Is dat de normale praktijk bij electroVoice of zitten er namaak spullen in mijn box?

Groetjes,
Paul

----------


## MusicSupport

> Hallo,
> 
> bij het uit mekaar halen van een ElectroVoice sx300 merk ik dat er geen EV label op de componenten hangt. Er is enkel een soort serienummer op het metaal van de drivers gedrukt. iets van 8030909593 (Tweeter) en 81230269848 (12 inch).
> 
> Is dat de normale praktijk bij electroVoice of zitten er namaak spullen in mijn box?
> 
> Groetjes,
> Paul



Hoi Paul

Ik kan hier uit opmaken dat je de Sx300's dus hebt gekocht. En als antwoord op je vraag:

1. Een foto doet wonderen.
2. Dat is normaal maar een foto zou uitsluitsel geven.

----------


## frederic

> Hallo,
> 
> bij het uit mekaar halen van een ElectroVoice sx300 merk ik dat er geen EV label op de componenten hangt. Er is enkel een soort serienummer op het metaal van de drivers gedrukt. iets van 8030909593 (Tweeter) en 81230269848 (12 inch).
> 
> Is dat de normale praktijk bij electroVoice of zitten er namaak spullen in mijn box?
> 
> Groetjes,
> Paul



Kan ook een maatregel zijn tegen copycats

----------


## Paul van Dort

Om het verhaal verder te zetten: Ik heb alle tips goed kunnen gebruiken. Iedereen bedankt daarvoor.
Ik werd bij de verkoper (een groot events bedrijf in het Brusselse) geconfronteerd met een tiental SX speakers. Ik mocht ze testen en de gril eraf schroeven en dergelijke. Vele originele woofers waren vervangen door Eminences of slordig gereconed. Andere vertoonde scheuren aan de ophanging. Ik heb er uiteindelijk de 2 beste met goede originele componenten uitgepikt en verder thuis bekeken . 
De filters van de 2 kasten zijn niet identiek en de andere componenten ook niet. (ik ga er wel vanuit dat het EV componten zijn, vandaar mijn vorige vraag) Klankmatig hoor ik weinig verschil. Ik ga ze nog uitmeten met een RTA en fotoos maken.
Verder waren van 1 kast 4 pootjes afgebroken die dienen om de achterkant van de kast aan de voorkant te schroeven. Een typische schade indien de kast ooit gevallen is. Dit is inmiddels gerepareerd.
Ik ben uiteindelijk wel erg tevreden met mijn aankoop.
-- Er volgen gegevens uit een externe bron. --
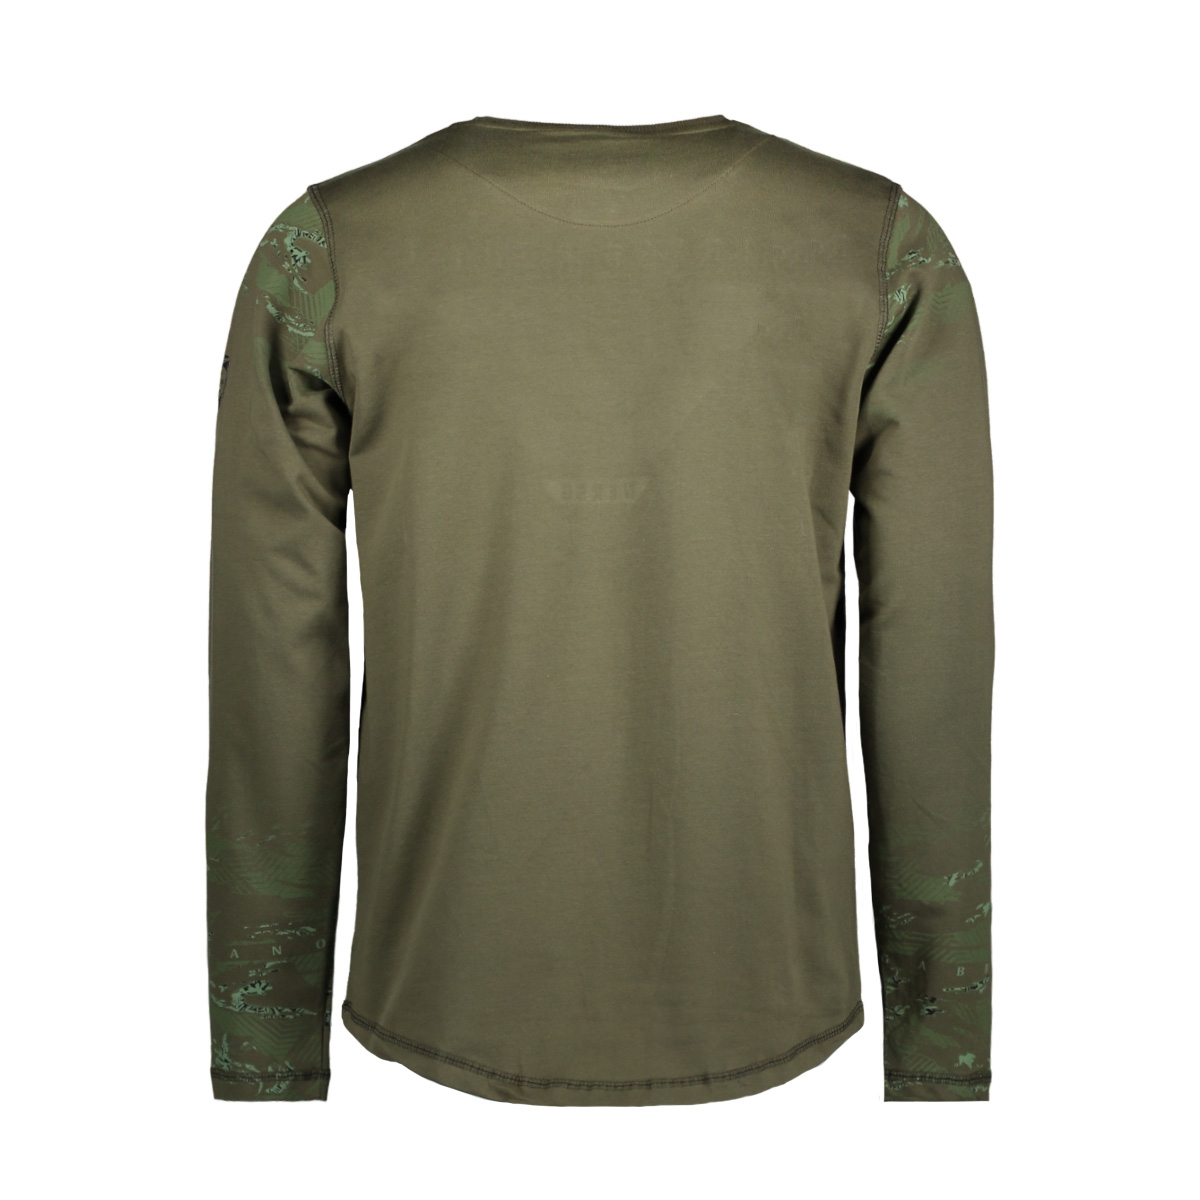 76139 gabbiano t-shirt army
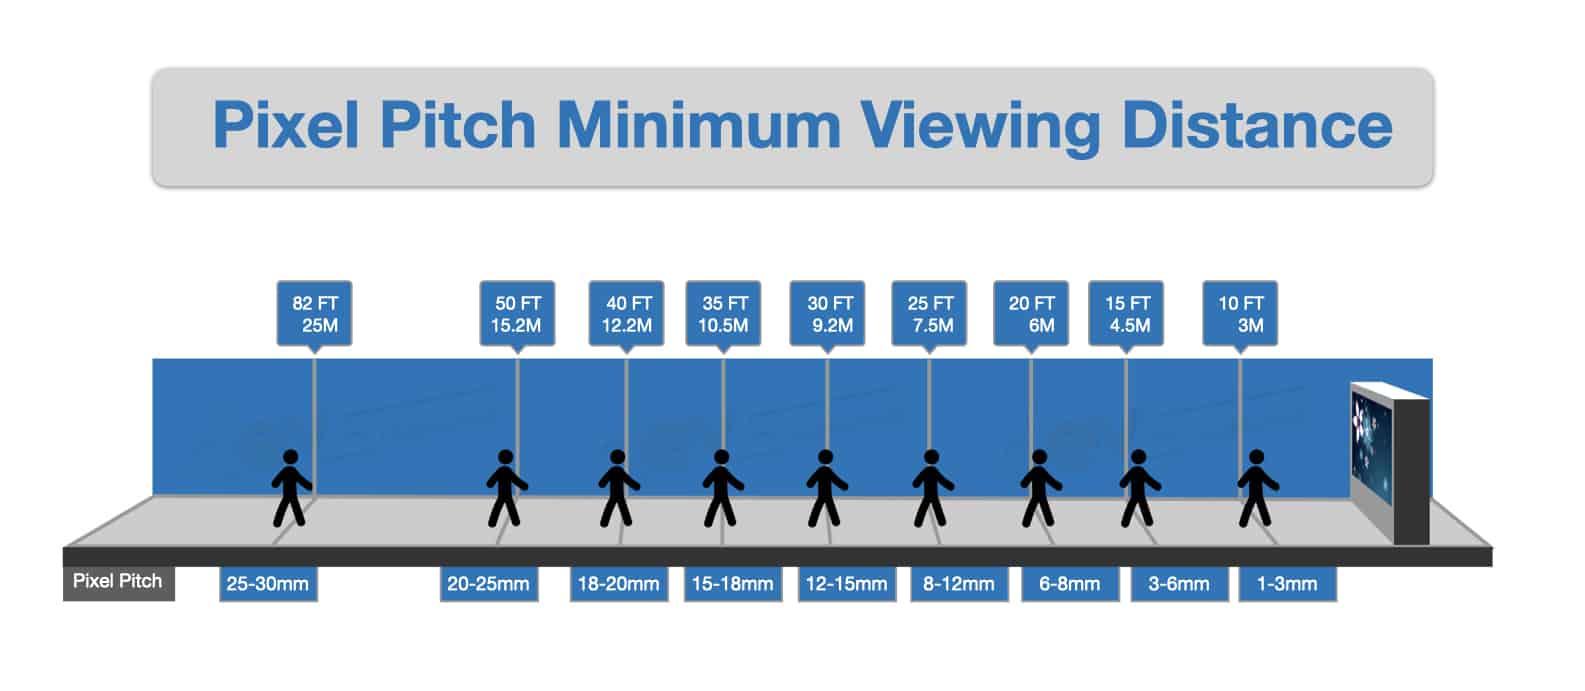 Pixel pitch minimum viewing distance

Fingers crossed voor als ze in een live situatie hun ware aard moeten tonen... ;-)

CU

----------


## audiotec

Goedendag,
Ik heb veel aan deze info hierboven gehad met het 2e hands kopen van 2 stuks sx300
De muziektest gaf een klein vermoeden dat verder onderzoek nodig was.
Ik merkte een klein verschil in geluidsdruk.
Met de toongenerator test had ik er dus  1 uitgehaald met een storende resonantie ergens in het lage gebied.
Na verwijderen van het rooster werd duidelijk dat de conus op een lengte van 8cm was losgelaten van de rand.
Bij de ander lijkt de woofer wel eens in zijn geheel te zijn vervangen omdat er een sticker op zit van een Duits service bedrijf EVI audio GMBH
De woofers zien er in het algemeen  wel hetzelfde uit 
Behalve dat er bij de ene met de defecte conus een losse kunststof ring onder de bevestigingsschroeven zit en de ander heeft een  hard kartonnen ring die er gewoon opgelijmd zit.
Uiteindelijk heb ik door de defecte woofer de prijs kunnen drukken tot 370 euro.
Mijn vragen:
1
Kan iemand mij bevestigen dat het hier om  EV sx300 woofers gaat of in ieder geval gelijkwaardige ?
Er staat op elke woofer alleen een nummer wat begint met 81232830 .
De nummers erna zijn verschillend , vermoedelijk zijn die een soort van date code.
Foto's heb ik gemaakt en kan ik evt. emailen maar hij is hetzelfde als deze :
http://www.electrovoice.com/product.php?id=301
2 :
Kan iemand mij vertellen welke recone kit ik hiervoor moet hebben en waar ik die het beste kan bestellen ?
bij voorbaat dank

----------


## michelt

hee 
neem even contact op met de webshop waarschijnlijk kunnen zij een goede recone kit 
of speaker leveren.
zo niet neem dan even contact met een andere webshop.
ik zou zowiezo gaan voor originele/goede onderdelen.

----------


## Gast1401081

http://www.e-audiobenelux.com weet alles van EV

----------


## Outline

> EVI audio GMBH



=EV zelf. Kijk maar eens achterop (oudere) folders...

----------